More onus will fall on Rudolph after Northwestern’s graduation of three productive defensive linemen. But all interviewed for this story agreed speedy and underrated defensive end Alan Alford should eventually draw some of the blocking focus from Rudolph.

Still, Rudolph knows that with his commitment to Clemson, much will be expected of him.

“He’s accepted the challenge,” said Northwestern defensive coordinator James Martin. “He knows there’s high expectations for him. But we don’t go into it as ‘Logan, it’s all up to you.’ It’s a team.
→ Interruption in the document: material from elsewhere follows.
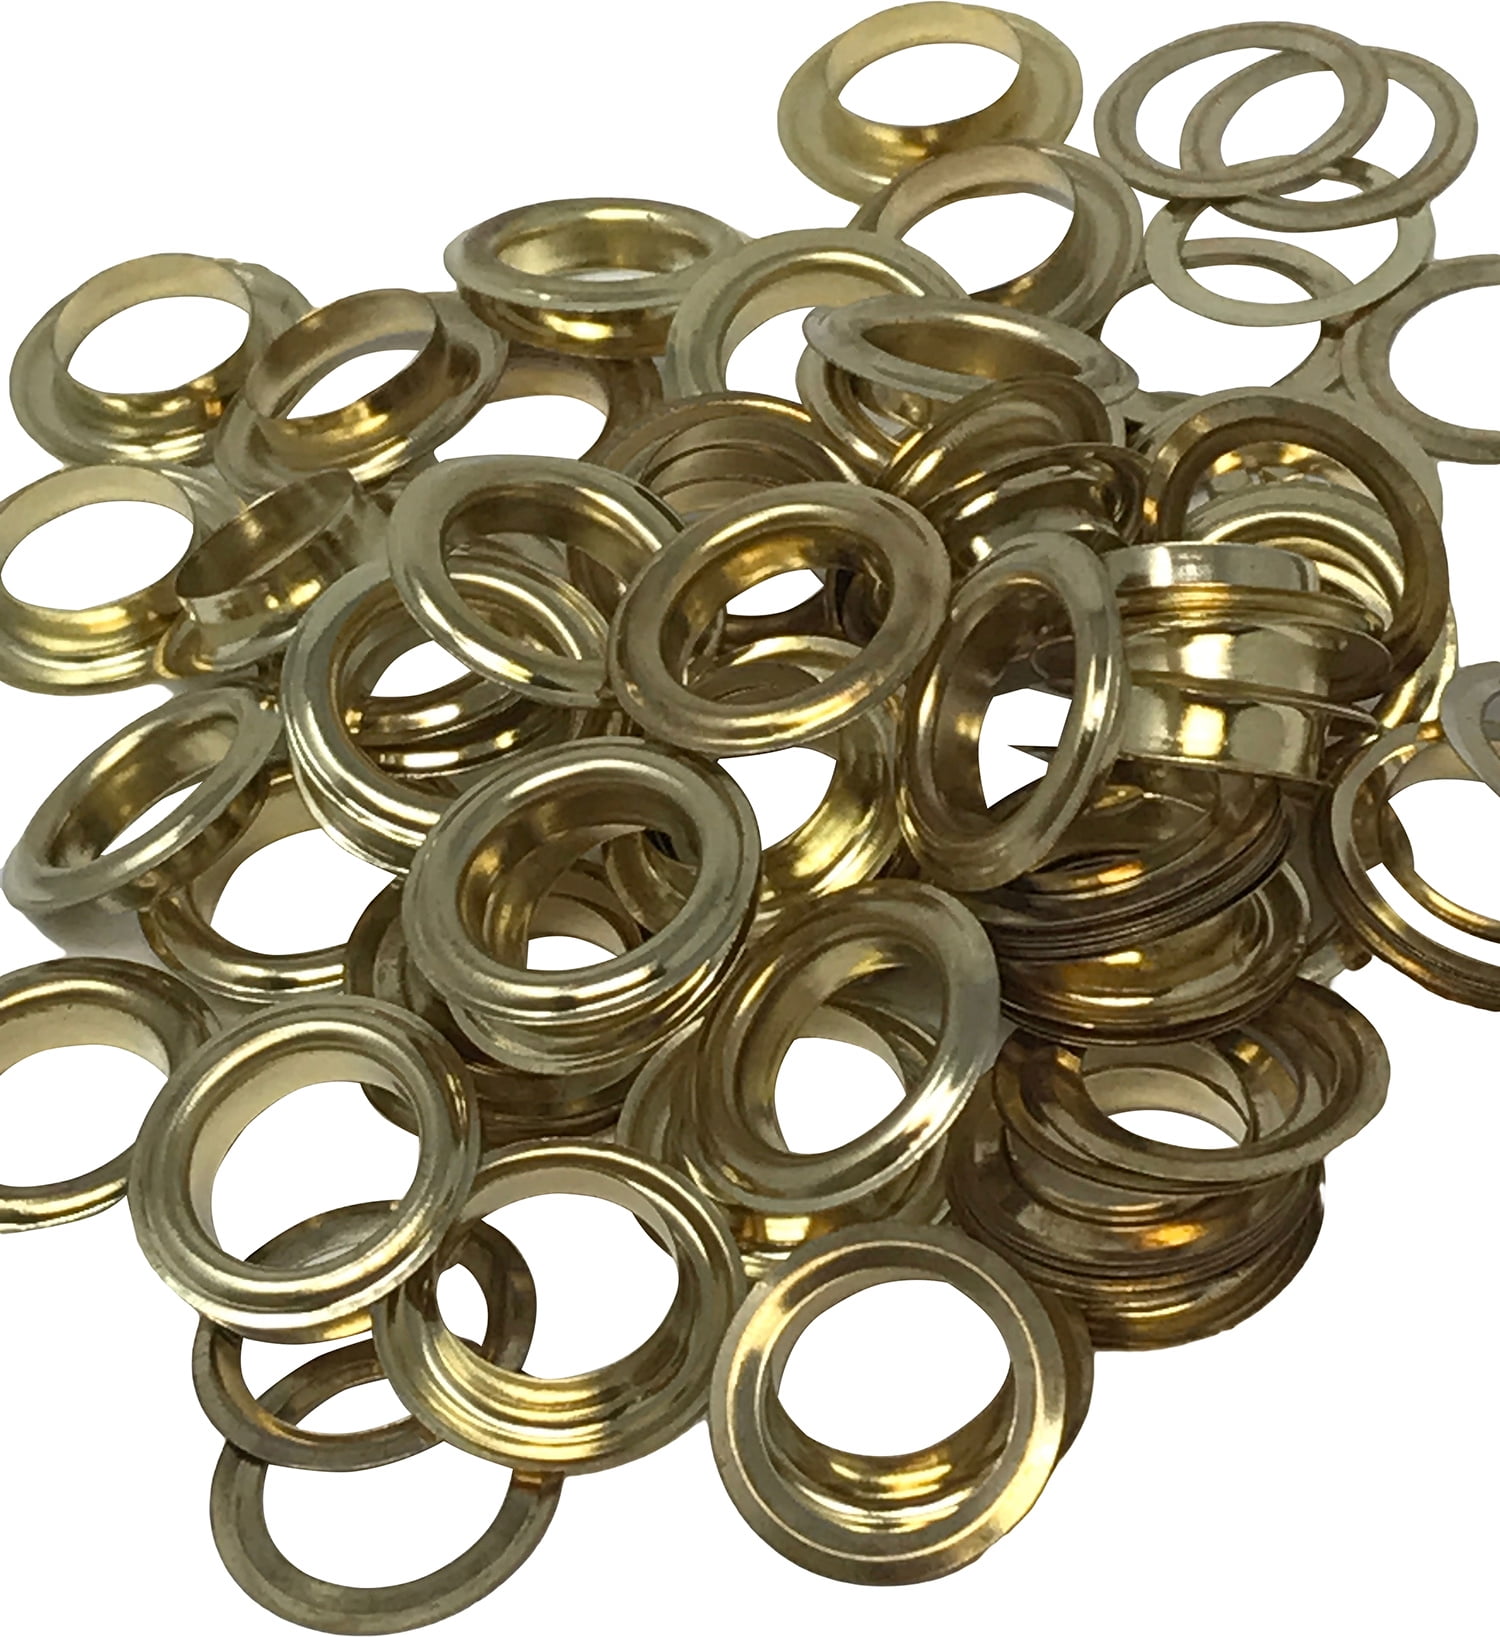 24 Pack 1/2" Brass-Plated Grommet Replacement Repair Tarp Tent Awning Cover

But he has the ability to do a lot of great things, just like he did last year.”

Stowers expects a big season from his protege for one key reason: Rudolph has focused solely on playing defensive end for the first time.

“He’s spent the whole winter, a whole summer focused on nothing but defensive end,” said Stowers. “I see him having an even better defensive season this year, barring injury.”

Observer Sweet 16: Rock Hill Northwestern Trojans

The Observer continues with previews of teams in its annual preseason Sweet 16 high school football poll. The teams will be revealed in alphabetical order. The poll, with numerical order, will be released following the previews.

NORTHWESTERN

Head coach: David Pierce (First season at Northwestern)

2015 record: 14-1 (6-0, Region III, 4A champion)

Key returning starters: Gage Maloney, Sr., QB (6-2, 210); Logan Rudolph, Sr., DE/TE (6-4, 225); Jerry Howard, Sr., RB (6-1, 215); Jordan Starkes, Jr., WR (5-11, 180); Ali Shockley, Sr., WR/DB (6-1, 185); Caliphe Brice, Sr., LB (6-2, 210); Jamario Holley, So., WR (5-10, 165).

Returning starters: 9

Outlook: David Pierce, a 29-year assistant coach, takes over a Trojans team ranked as high as No. 17 in maxpreps.com’s national preseason poll. The defending AAAA state champion is loaded, from senior quarterback Gage Maloney (3,969 yards passing, 47 touchdown passes last season/Ohio committ) to running back Jerry Howard (1,570 yards rushing/East Carolina commit) to defensive end Logan Rudolph (15 sacks/Clemson commit).